Because the derivation graph is non-linear–the incompatibility {not foo any} is caused by two derived incompatibilities–we can't just explain everything in a single sequence like we did in the last example. We first explain why foo <1.1.0 is forbidden, giving the conclusion an explicit line number so that we can refer back to it later on. Then we explain why foo >=1.1.0 is forbidden before finally concluding that version solving has failed.

Differences From CDCL and Answer Set Solving

Although Pubgrub is based on CDCL and answer set solving, it differs from the standard algorithms for those techniques in a number of important ways. These differences make it more efficient for version solving in particular and simplify away some of the complexity inherent in the general-purpose algorithms.

Version Ranges

The original algorithms work exclusively on atomic boolean variables that must each be assigned either "true" or "false" in the solution. In package terms, these would correspond to individual package versions, so dependencies would have to be represented as:

(foo 1.0.0 or foo 1.0.1 or ...) → (bar 1.0.0 or bar 1.0.1 or ...)

This would add a lot of overhead in translating dependencies from version ranges to concrete sets of individual versions. What's more, we'd have to try to reverse that conversion when displaying messages to users, since it's much more natural to think of packages in terms of version ranges.

So instead of operating on individual versions, Pubgrub uses as its logical terms PackageNames that may be either PackageIds (representing individual versions) or PackageRanges (representing ranges of allowed versions). The dependency above is represented much more naturally as:

foo ^1.0.0 → bar ^1.0.0

Implicit Mutual Exclusivity

In the original algorithms, all relationships between variables must be expressed as explicit formulas. A crucial feature of package solving is that the solution must contain at most one package version with a given name, but representing that in pure boolean logic would require a separate formula for each pair of versions for each package. This would mean an up-front cost of O(n²) in the number of versions per package.

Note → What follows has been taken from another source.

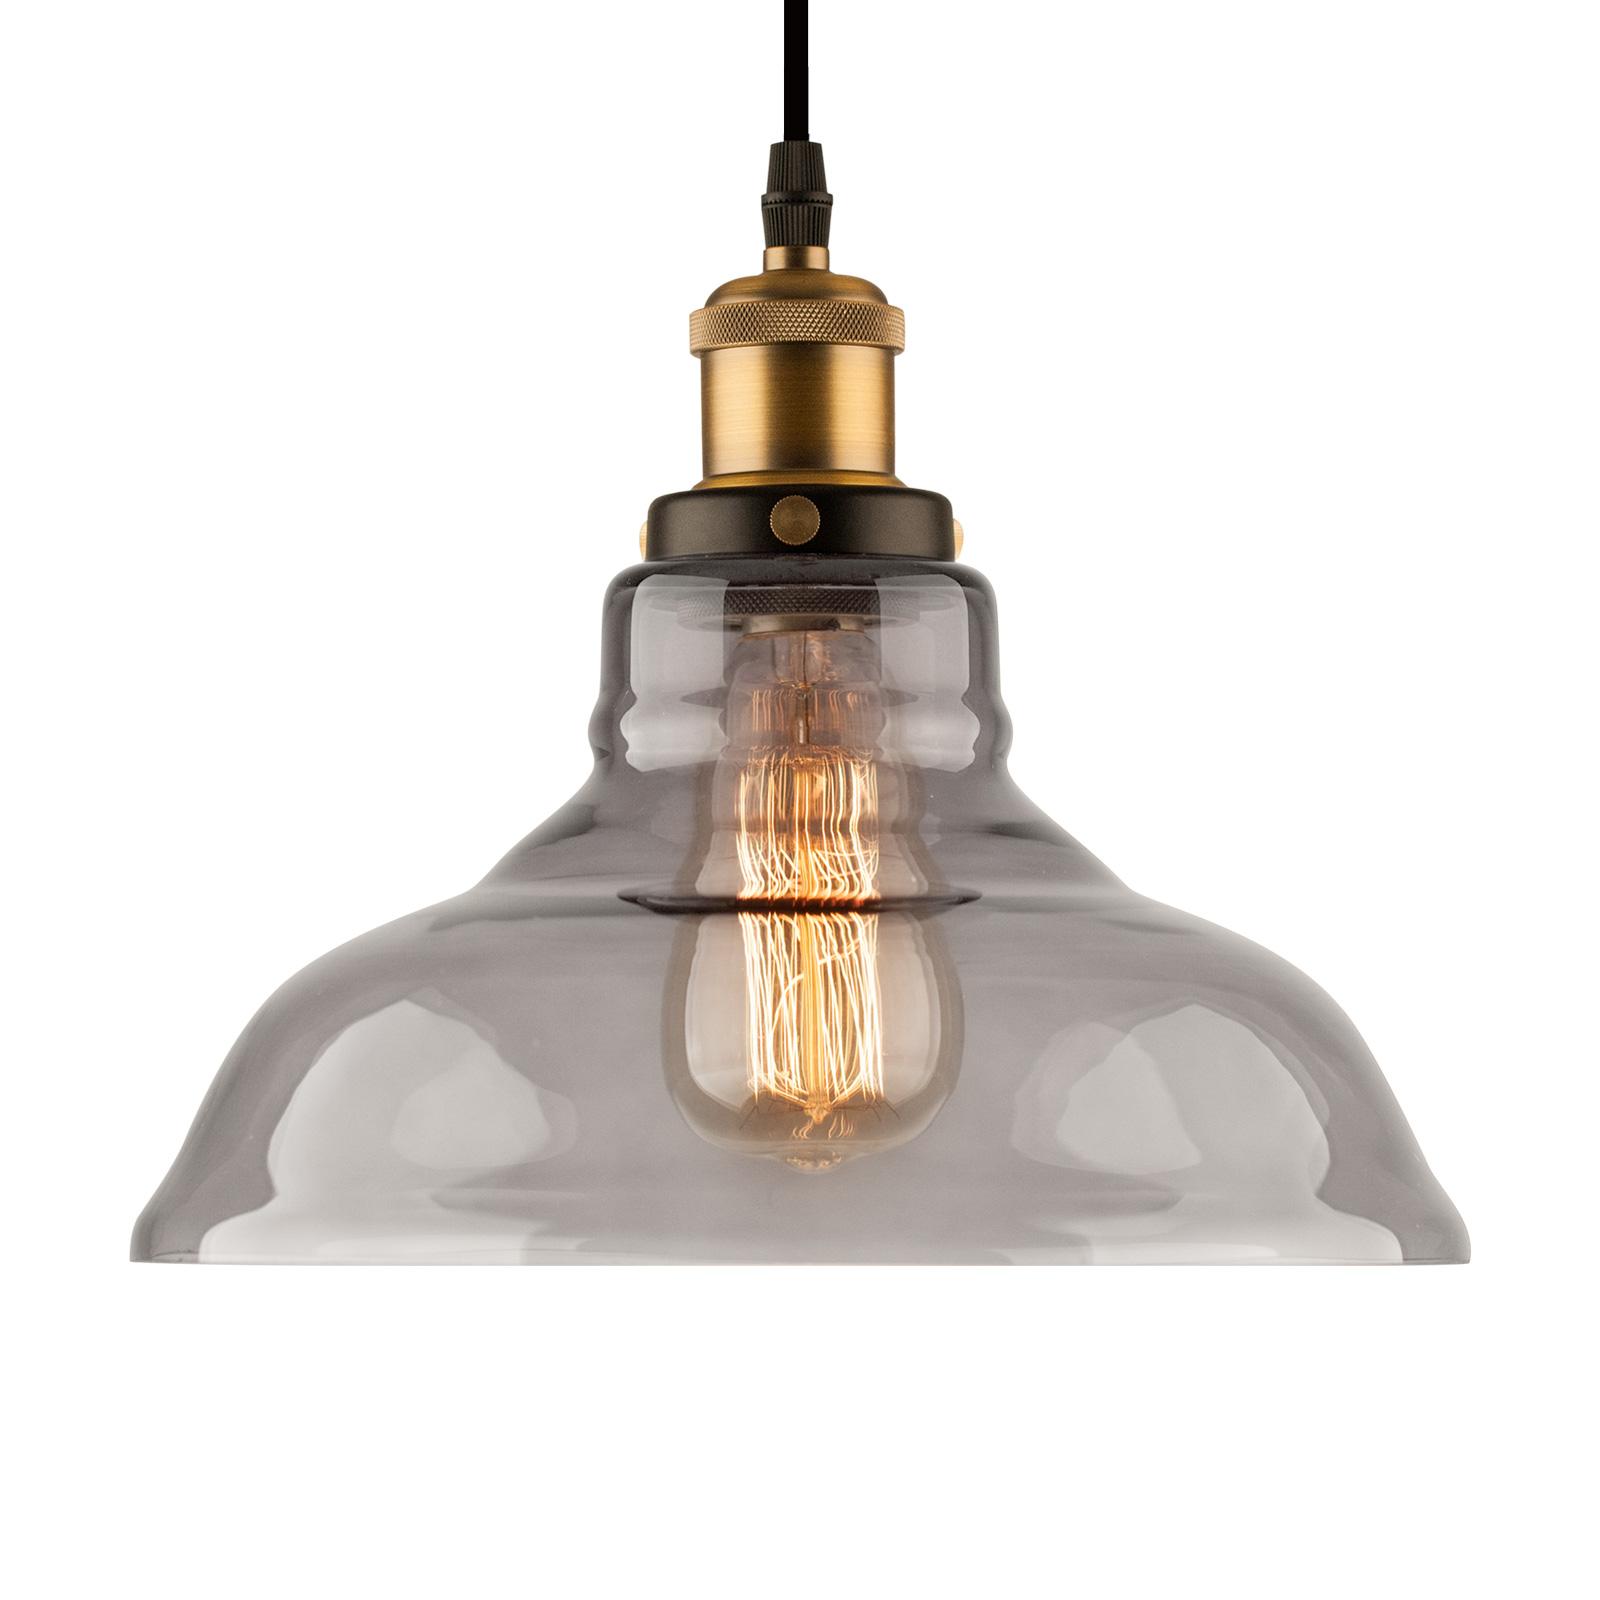 Lampa wisząca LA040 E27 Ø 28 cm mosiądz/szary dym
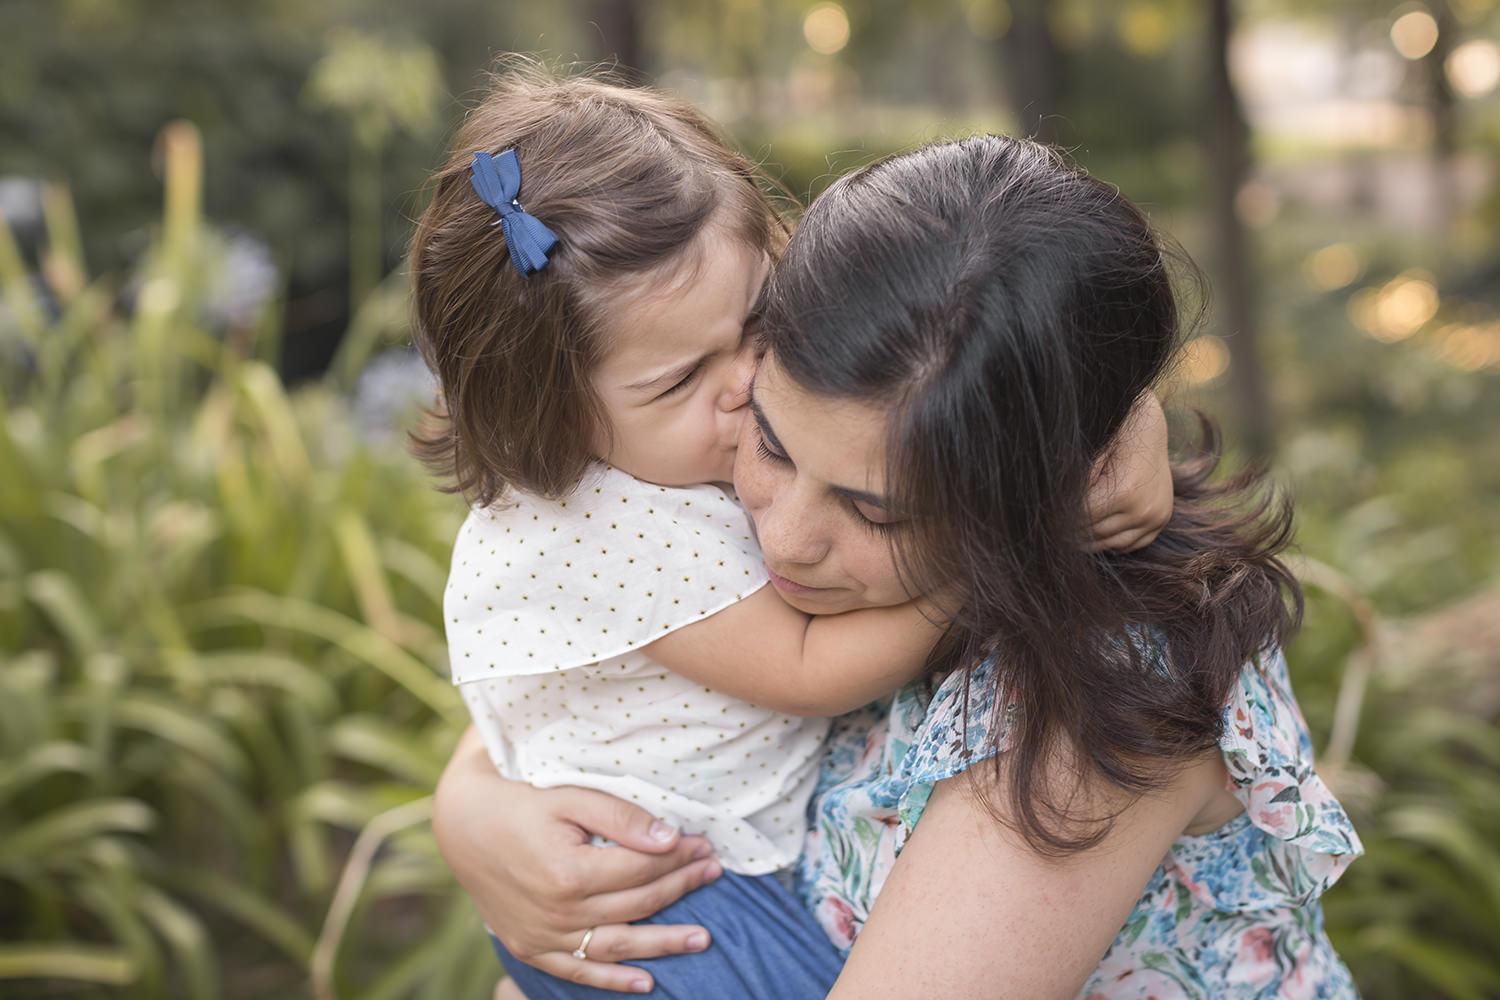 lisbon-family-photographer-terra-fotografia-22.jpg

To avoid that overhead, the mutual exclusivity of different versions of the same package (as well as packages with the same name from different sources) is built into Pubgrub. For example, it considers foo ^1.0.0 and foo ^2.0.0 to be contradictory even though it doesn't have an explicit formula saying so.

Lazy Formulas

The original algorithms are written with the assumption that all formulas defining the relationships between variables are available throughout the algorithm. However, when doing version solving, it's impractical to eagerly list all dependencies of every package. What's more, the set of packages that may be relevant can't be known in advance.

Instead of listing all formulas immediately, Pubgrub adds only the formulas that are relevant to individual package versions, and then only when those versions are candidates for selection. Because those formulas always involve a package being selected, they're guaranteed not to contradict the existing set of selected packages.

No Unfounded Set Detection

Answer set solving has a notion of "unfounded sets": sets of variables whose formulas reference one another in a cycle. A naïve answer set solving algorithm may end up marking these variables as true even when that's not necessary, producing a non-minimal solution. To avoid this, the algorithm presented in Gebser et al adds explicit formulas that force these variable to be false if they aren't required by some formula outside the cycle.

This adds a lot of complexity to the algorithm which turns out to be unnecessary for version solving. Pubgrub avoids selecting package versions in unfounded sets by only choosing versions for packages that are known to have outstanding dependencies.